| Work to be completed |
Exact copy, no pictures: return only the lines below from the line with "Gateway Arch (8005-10F)" up to and including the line with "Grammaire des arts".

| Source material |
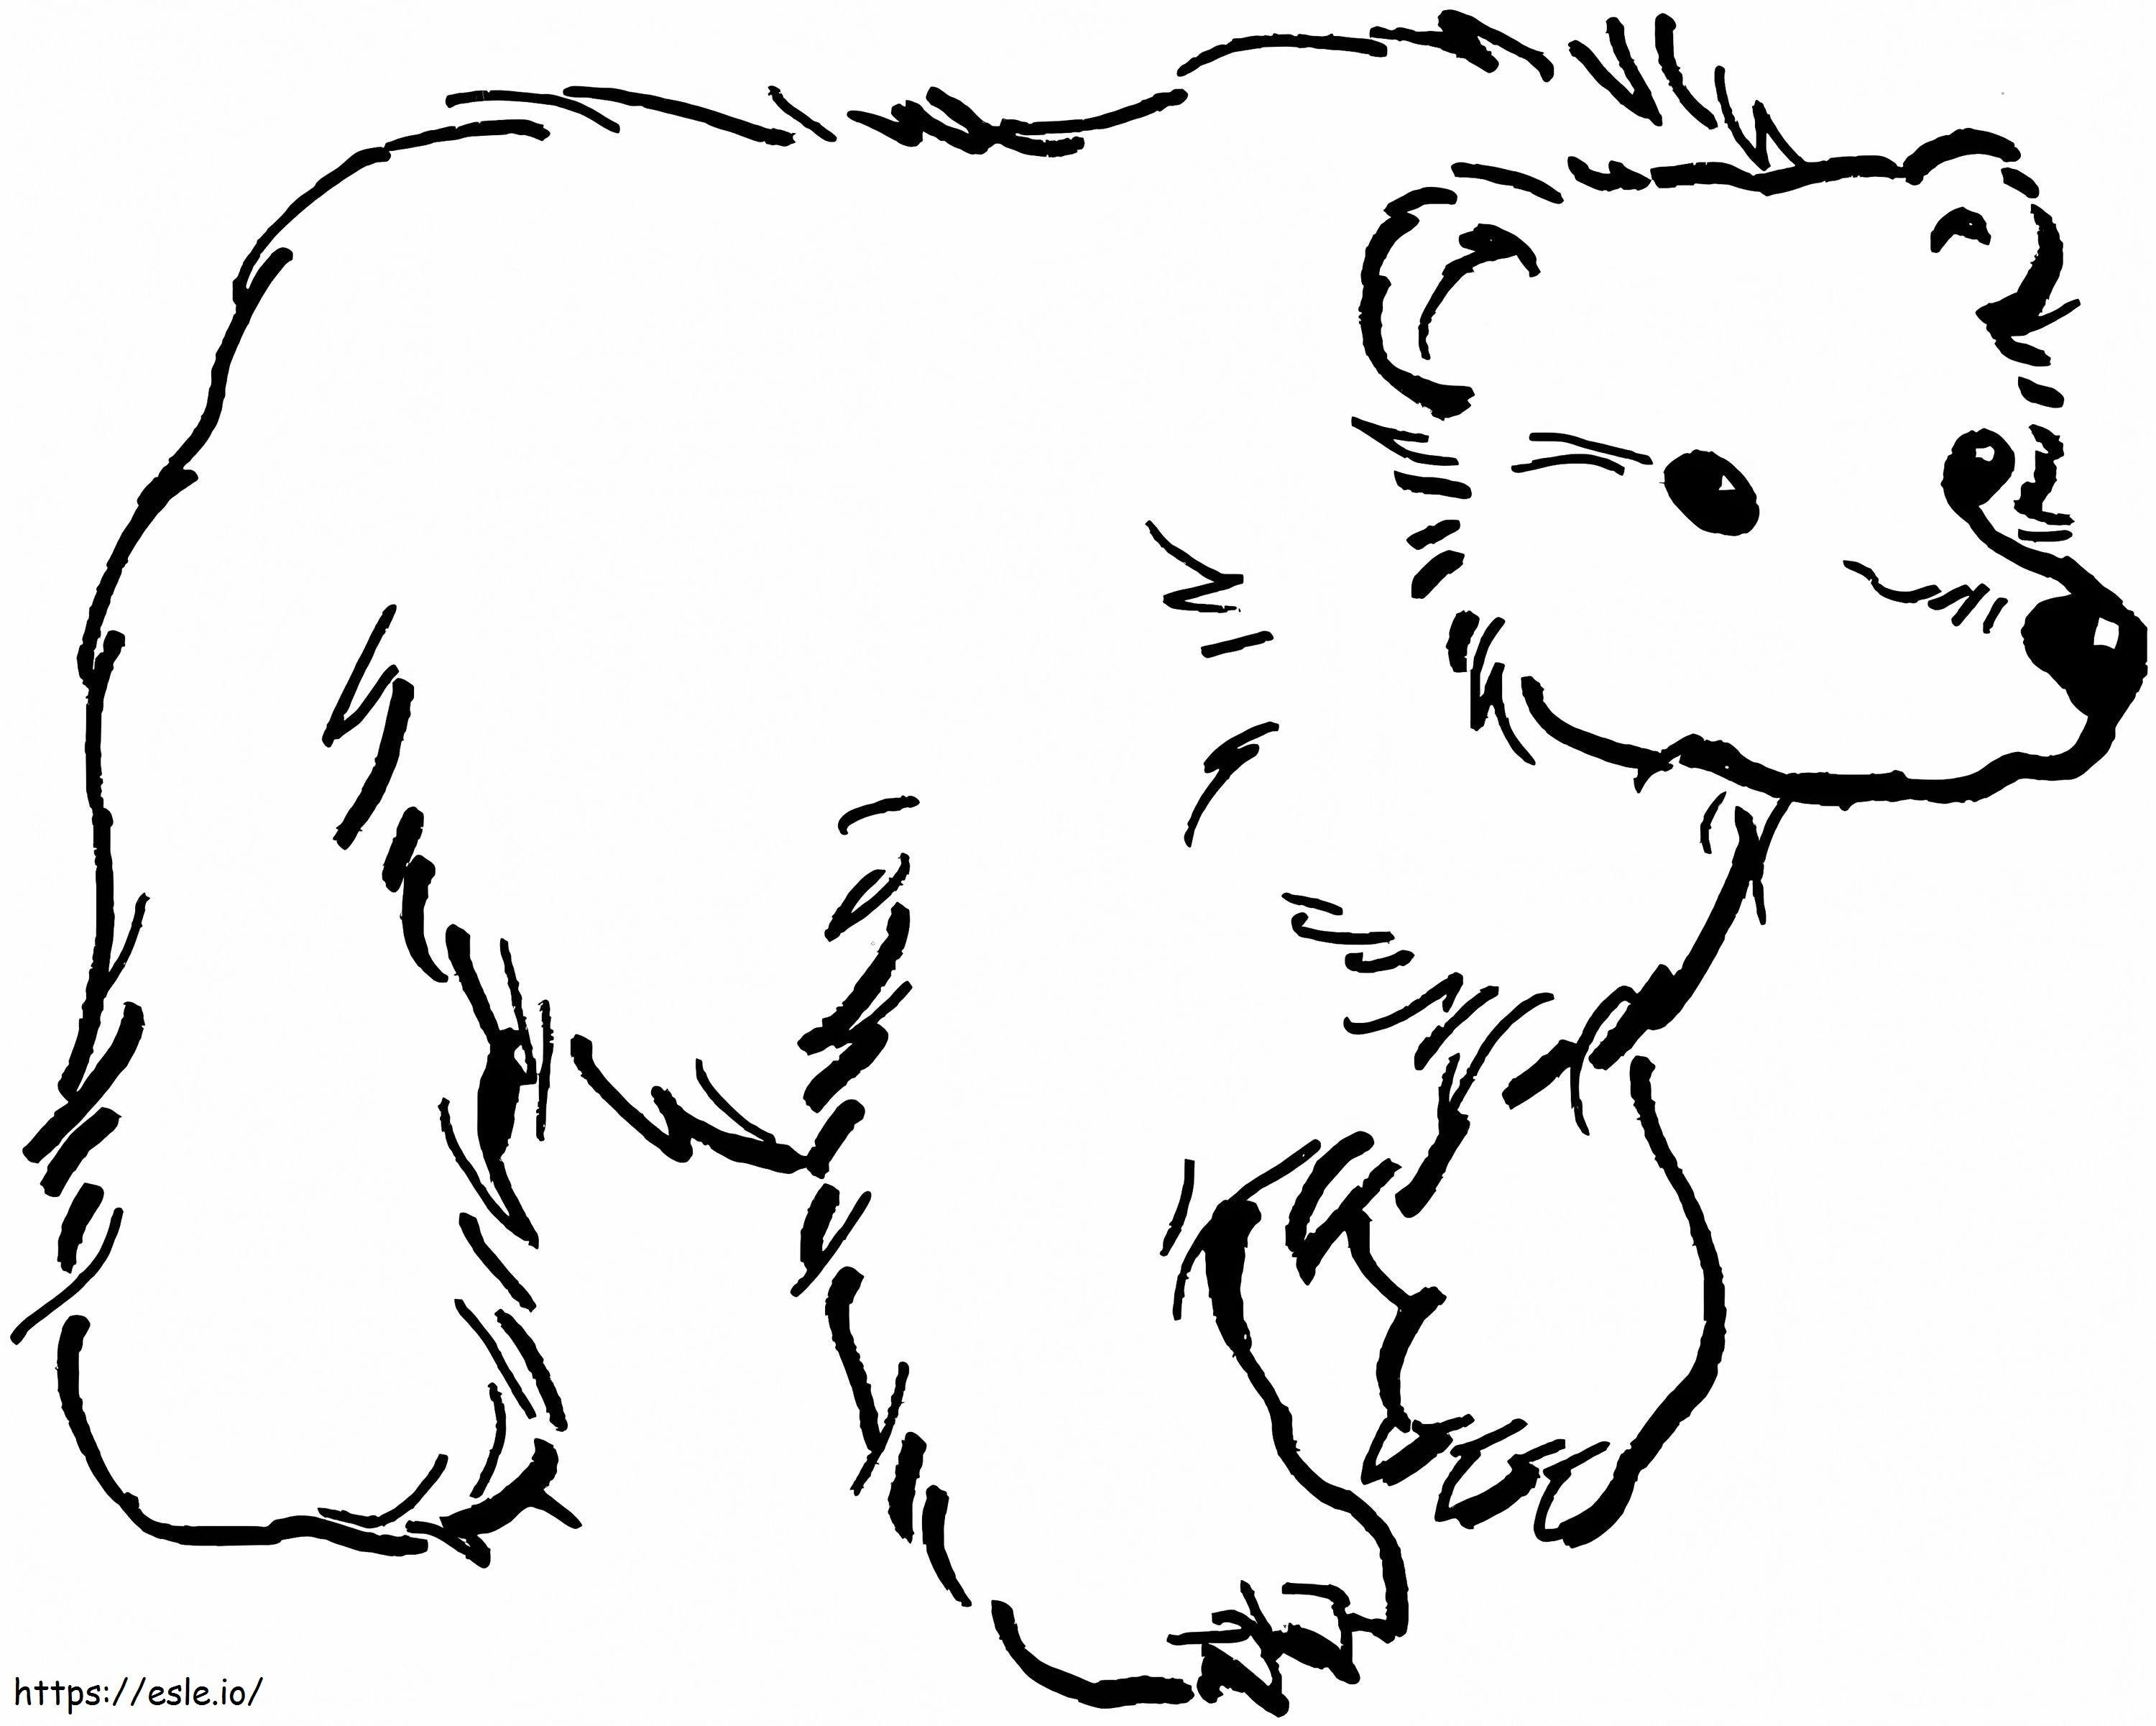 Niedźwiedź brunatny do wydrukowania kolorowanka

==

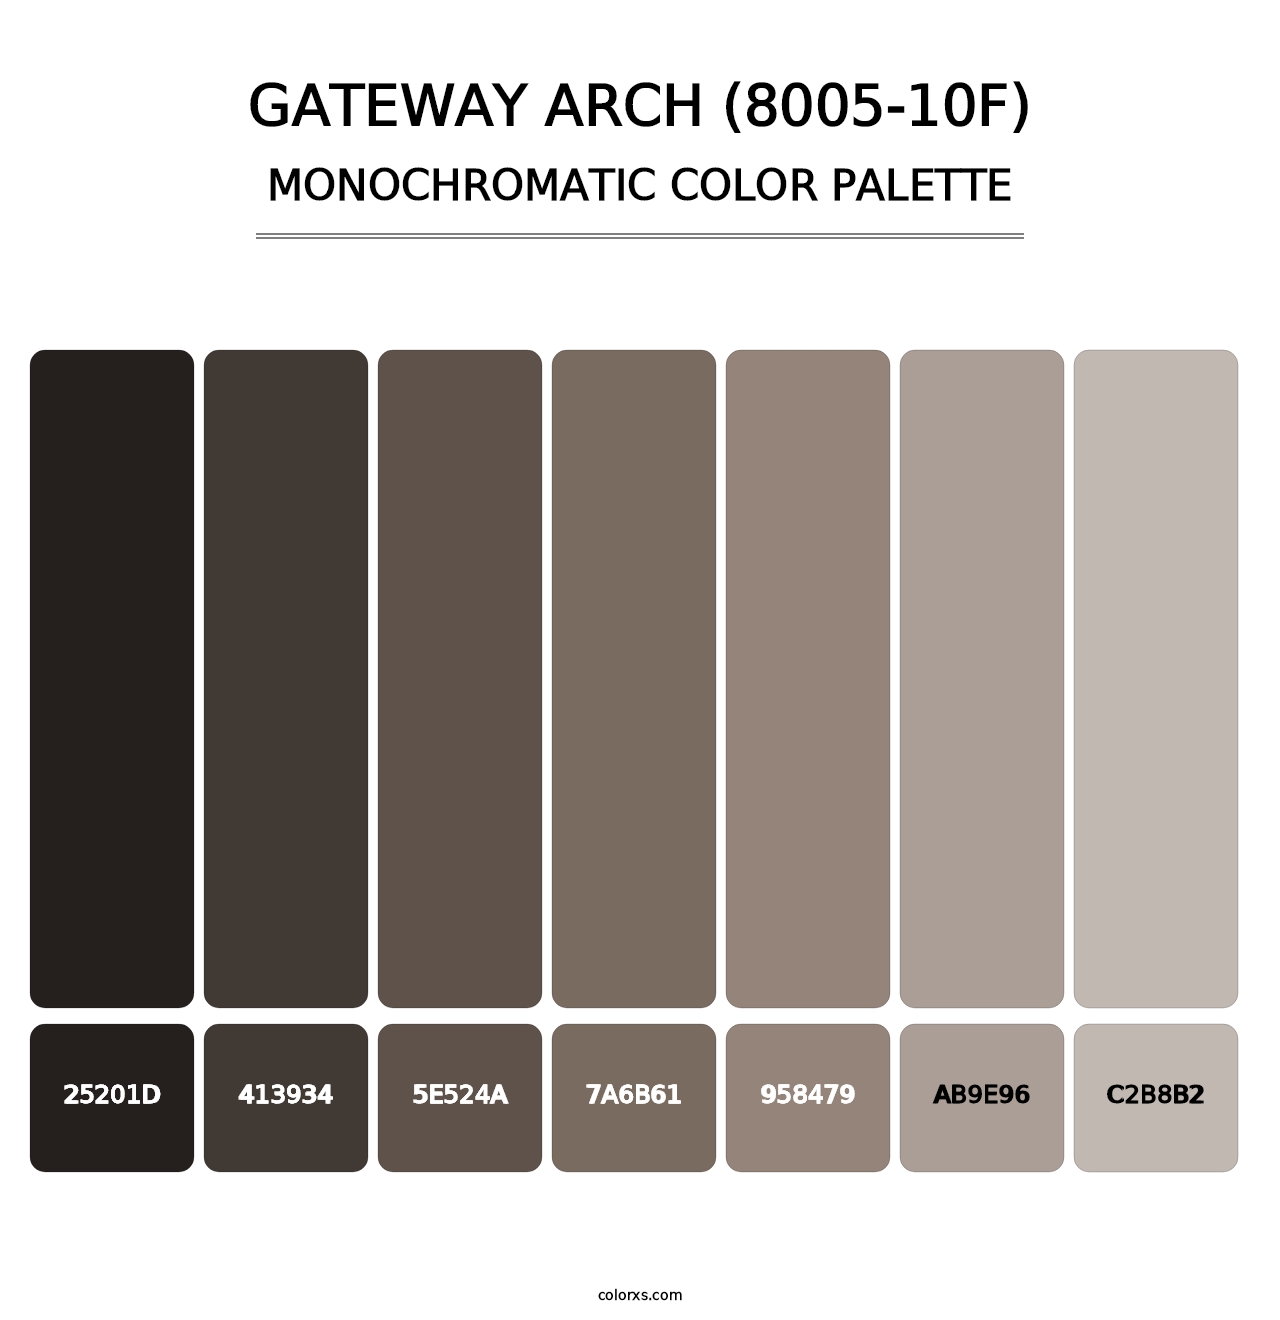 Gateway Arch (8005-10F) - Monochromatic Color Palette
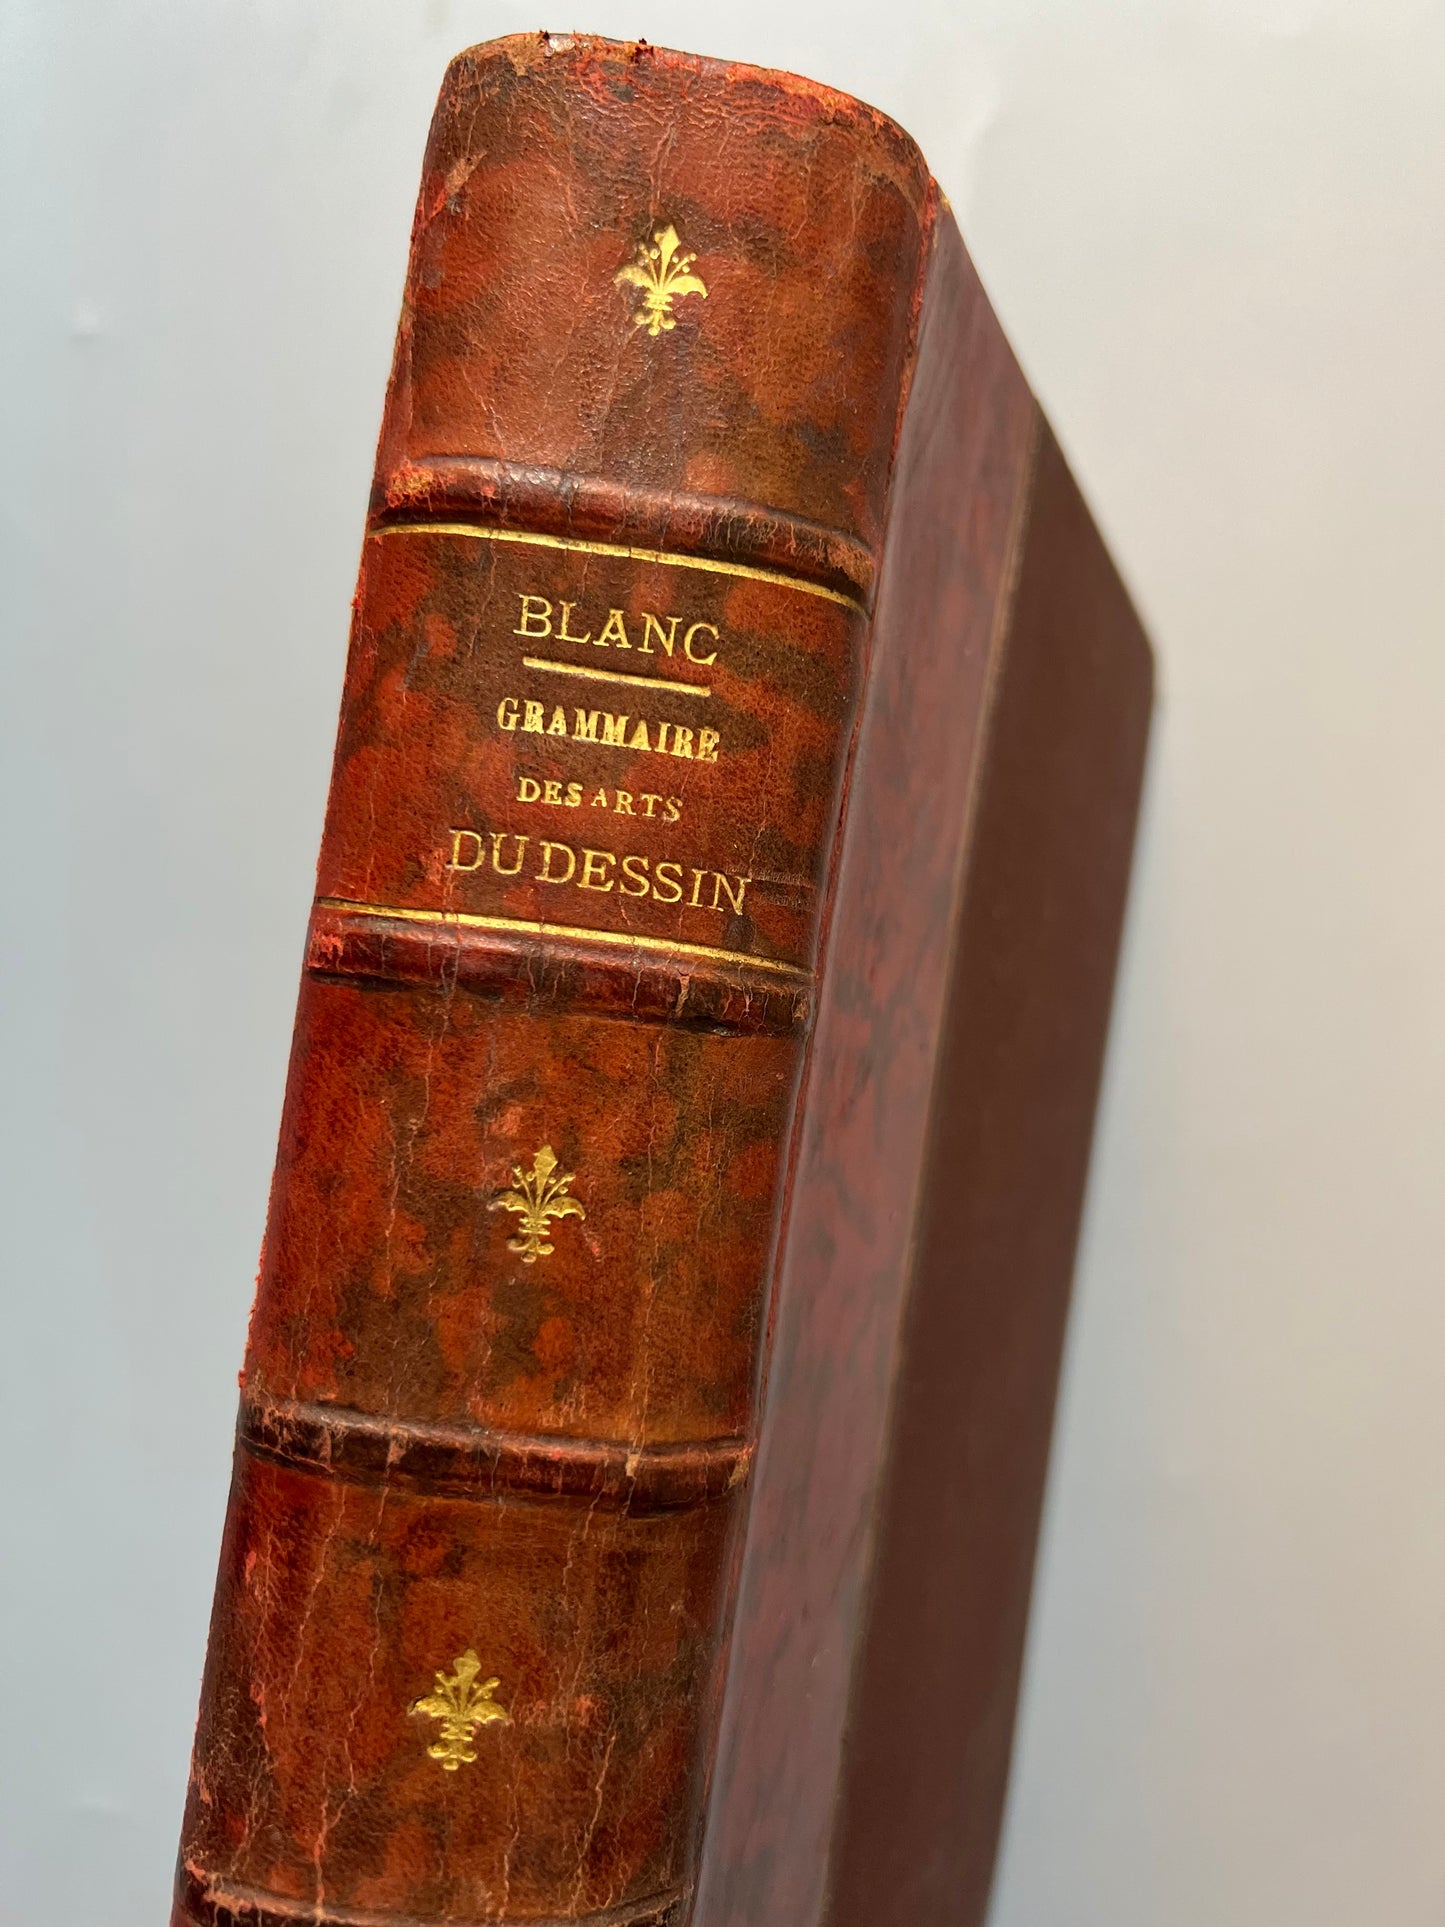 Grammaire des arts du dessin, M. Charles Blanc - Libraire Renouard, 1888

* * *

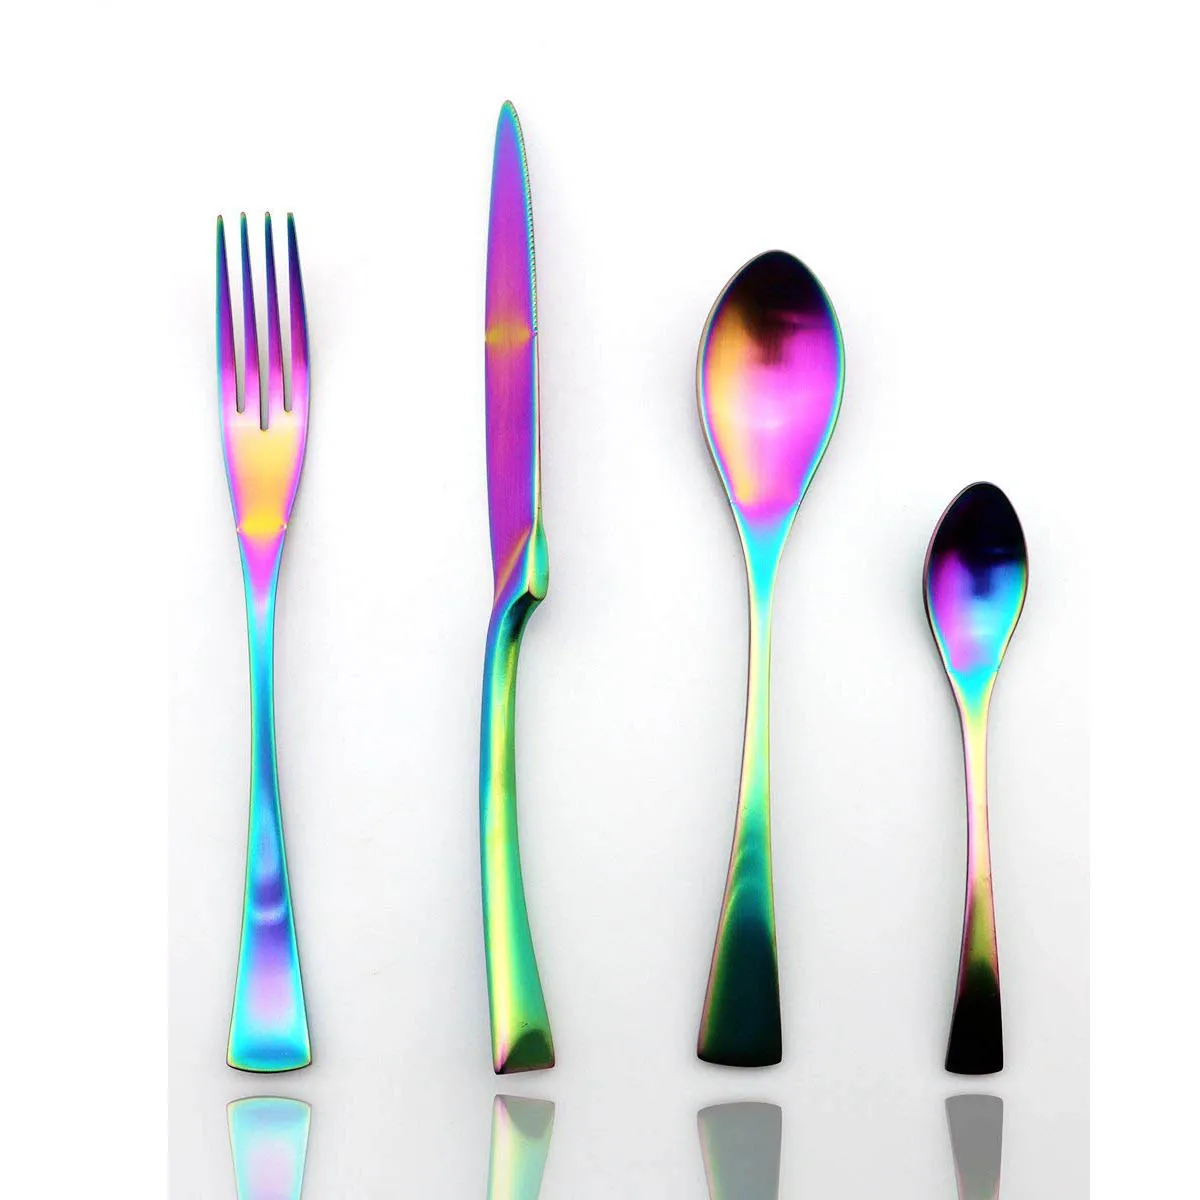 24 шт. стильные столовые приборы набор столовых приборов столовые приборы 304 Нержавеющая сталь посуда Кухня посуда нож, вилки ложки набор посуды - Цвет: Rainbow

| Solution to this task |
 Gateway Arch (8005-10F) - Monochromatic Color Palette
 Grammaire des arts du dessin, M. Charles Blanc - Libraire Renouard, 1888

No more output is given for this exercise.